Gestora brasileira independente (boutique) focada em crédito privado, fundos imobiliários e infraestrutura. O processo de investimento é multifacetado: análise quantitativa de balanço/fluxo de caixa, modelo de rating proprietário, análise qualitativa de governança, análise jurídica das garantias e crivo ESG. A pulverização em 100+ emissores no RIFF11 demonstra disciplina de diversificação de crédito. Pontos de atenção: casa de menor porte, com track record público curto e produtos ainda jovens (o RIFF11 estreou em 2024; também gere o FII PMIS11). Falta histórico independente que comprove a entrega ao longo de um ciclo completo.

Ver a análise completa da gestora Paramis Capital Gestão de Recursos Ltda →

Conclusão

O RIFF11 é, antes de tudo, uma aposta de valor: a cota negocia a 80% do valor patrimonial (P/VP 0,80x, o maior deságio do segmento FI-Infra), o que cria uma assimetria de retorno interessante para quem aposta no fechamento desse gap. Some-se a isso um DY de 13,63% totalmente isento de IR e uma carteira pulverizada em mais de 100 emissores de debêntures incentivadas, e a tese de superfície parece atraente.

O problema é que o deságio não é gratuito. O fundo é pequeno (PL de R$ 144 mi contra os bilhões dos pares líquidos), tem apenas 6.404 cotistas e gira só R$ 278,9 mil/dia — uma liquidez que limita seriamente a flexibilidade de entrada e, principalmente, de saída. Esse é o risco prático mais relevante e o que mais explica o gap persistente.

Honestamente, a tese ainda não se provou. O retorno total desde o IPO (jul/2024) é negativo (-2,84%), 2025 rendeu apenas 8,32% — bem abaixo de FI-Infras estabelecidos como o BODB11 (~23%) — e o Sharpe 12M próximo de zero mostra que o investidor não foi remunerado pelo risco assumido. A recuperação de 2026 (YTD +17,35%) é o argumento da virada, mas é curta demais para virar convicção.

Os pontos positivos são reais e merecem registro: a pulverização extrema em 100+ emissores é uma das melhores diversificações de crédito do segmento, a isenção de IR é genuína, a taxa de 0,84% é competitiva e o deságio de 20% oferece margem de segurança patrimonial — se o fundo amadurecer e ganhar escala.

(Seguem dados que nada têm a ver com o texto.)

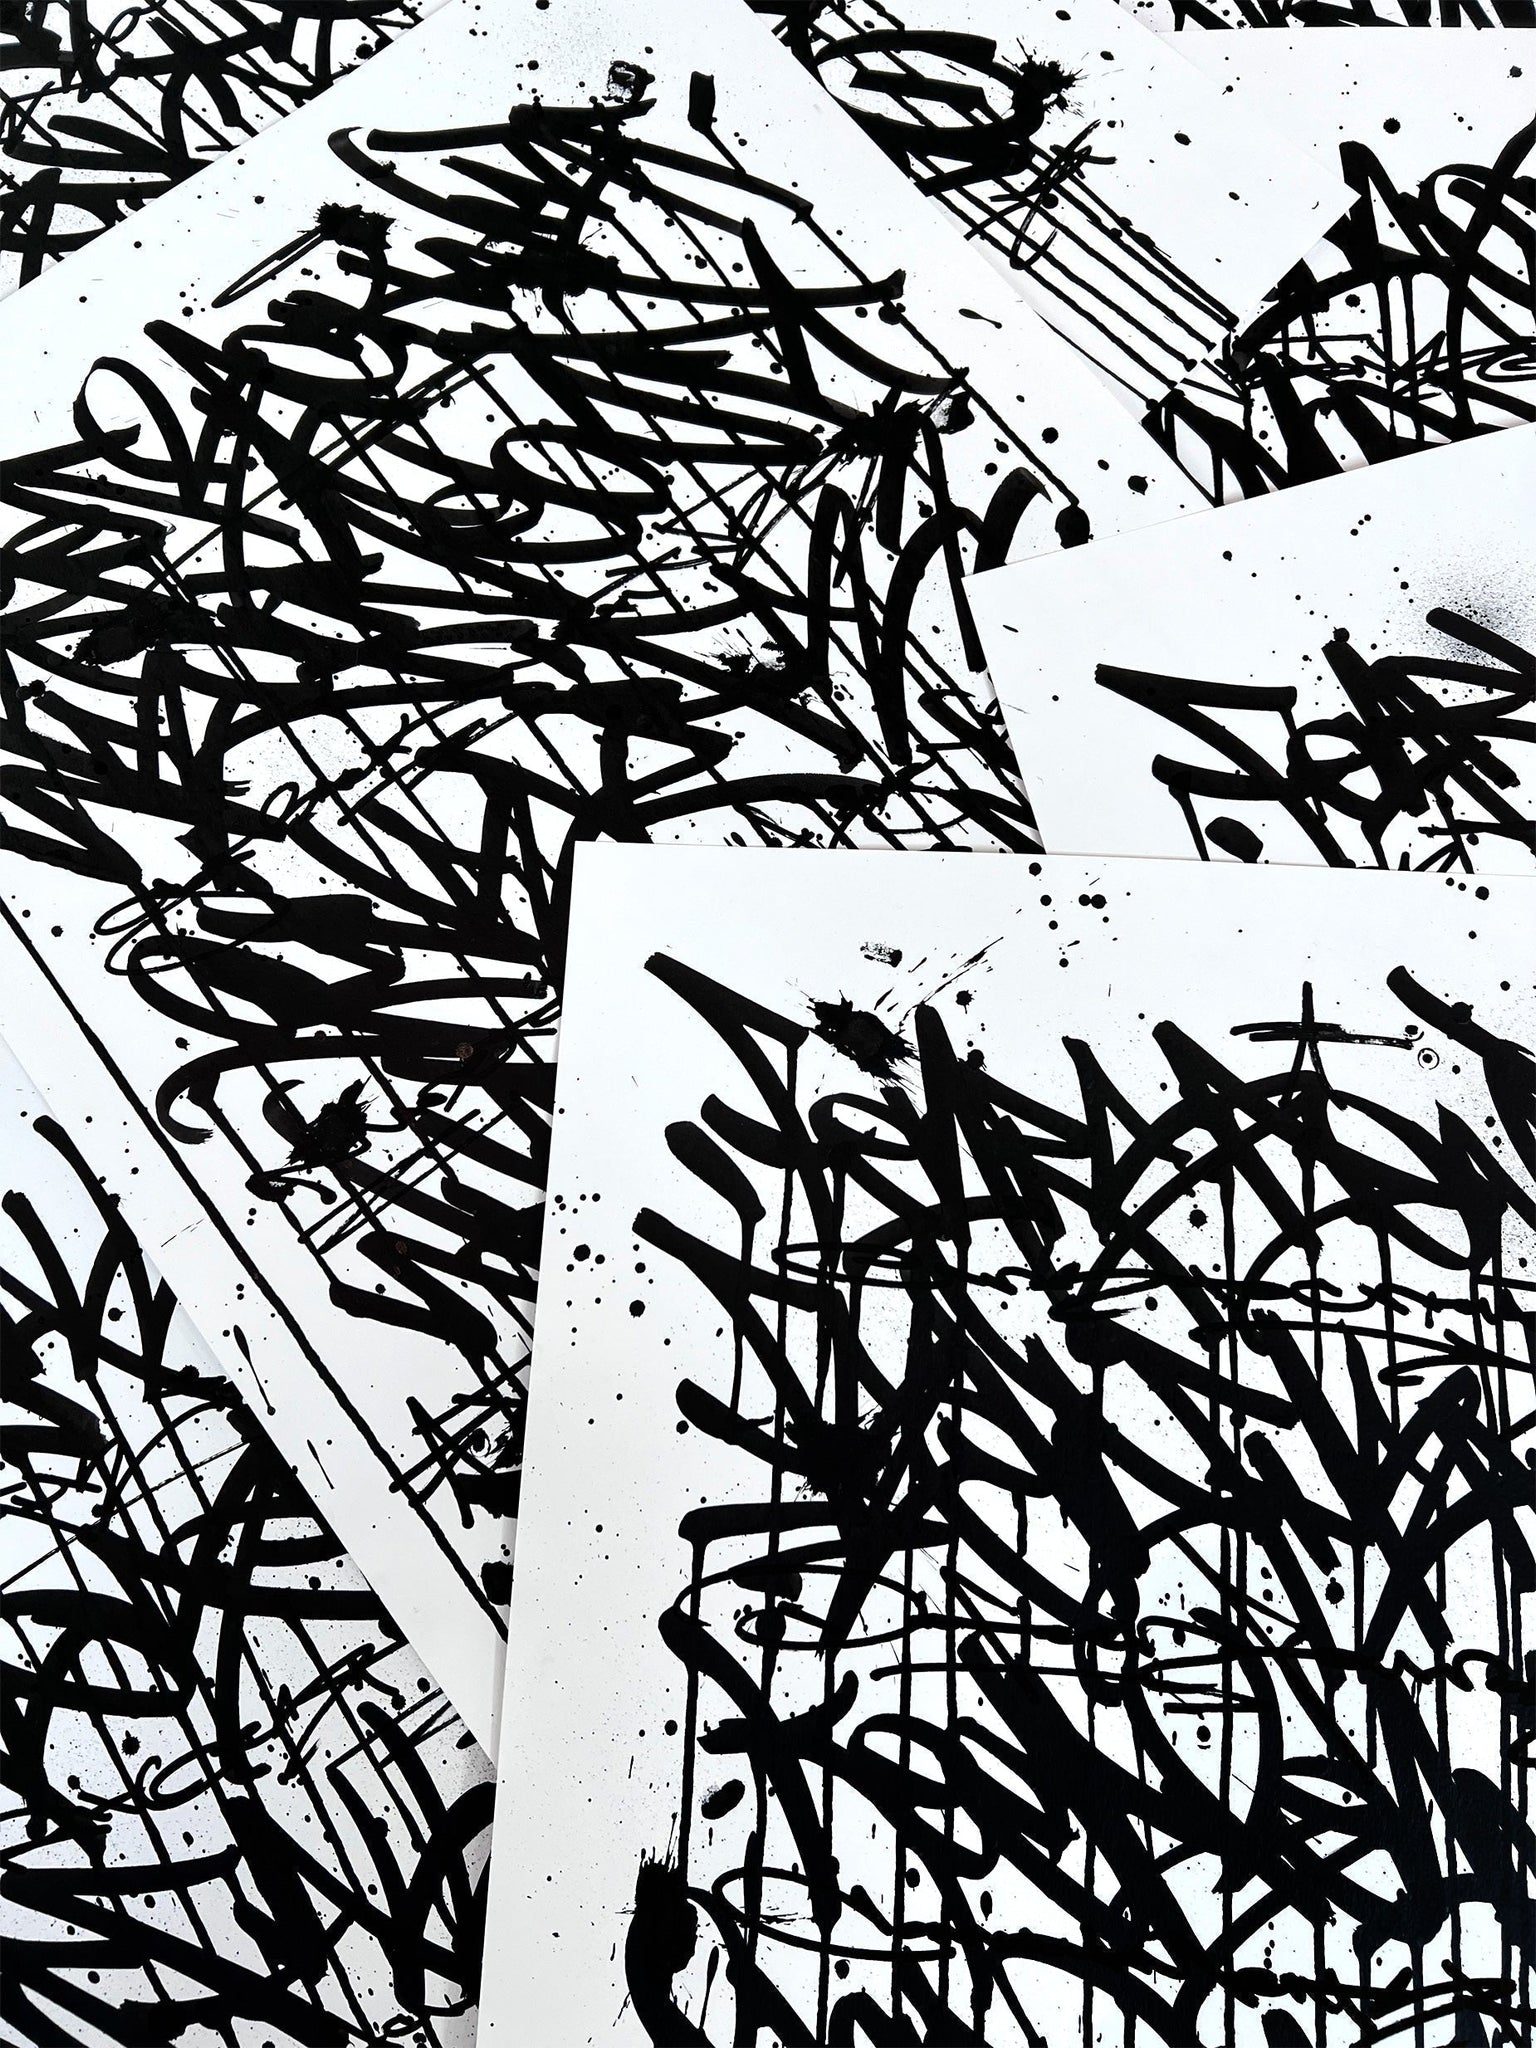 Fear Less Live More 06 - original on paper 50 x 70 cm
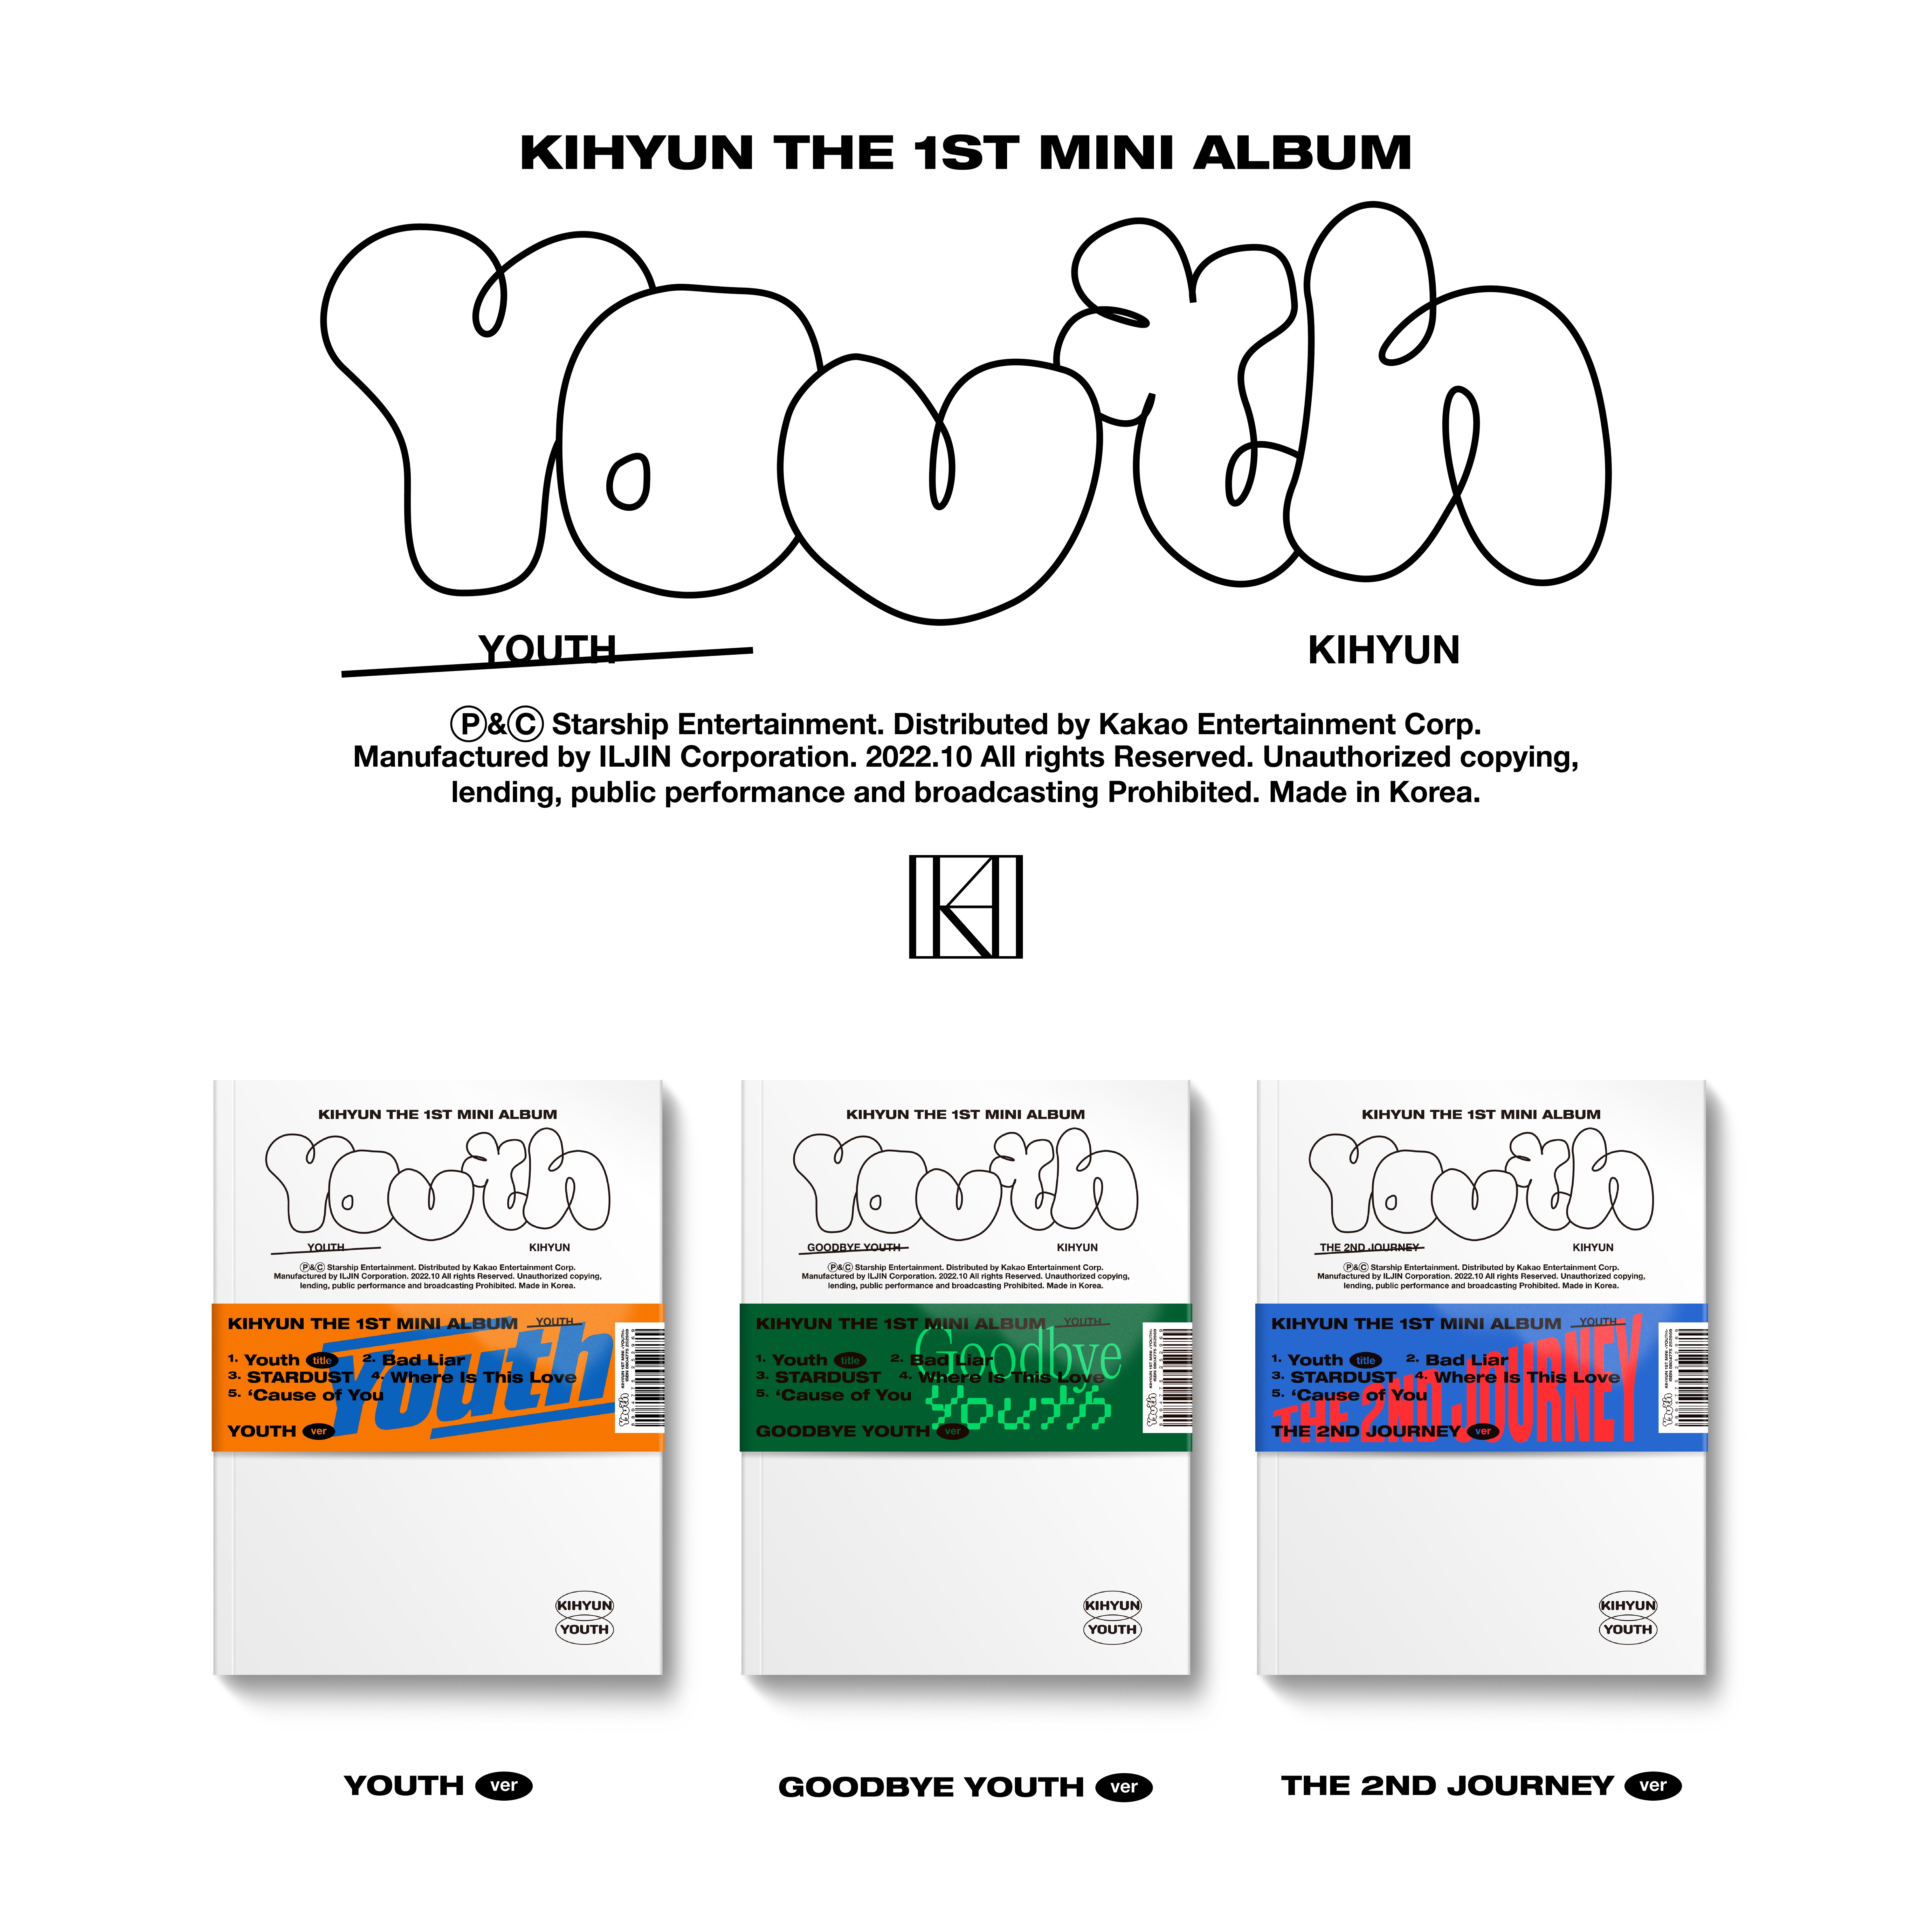 [全款 裸专][2nd] [线下签售活动] Kihyun - 迷你专辑 1辑 [YOUTH] (随机版本)_KiYoo_刘基贤中文首站

Recomendação NEUTRO com nota 6,0/10 — o RIFF11 é uma ideia de valor com assimetria interessante, mas apropriada apenas como posição pequena (satélite) para investidor PF arrojado, tolerante a iliquidez e com horizonte longo, ciente de que aposta no fechamento de um deságio que pode persistir. Para quem busca um FI-Infra consolidado, líquido e com track record provado, BODB11 e KDIF11 são escolhas mais sólidas.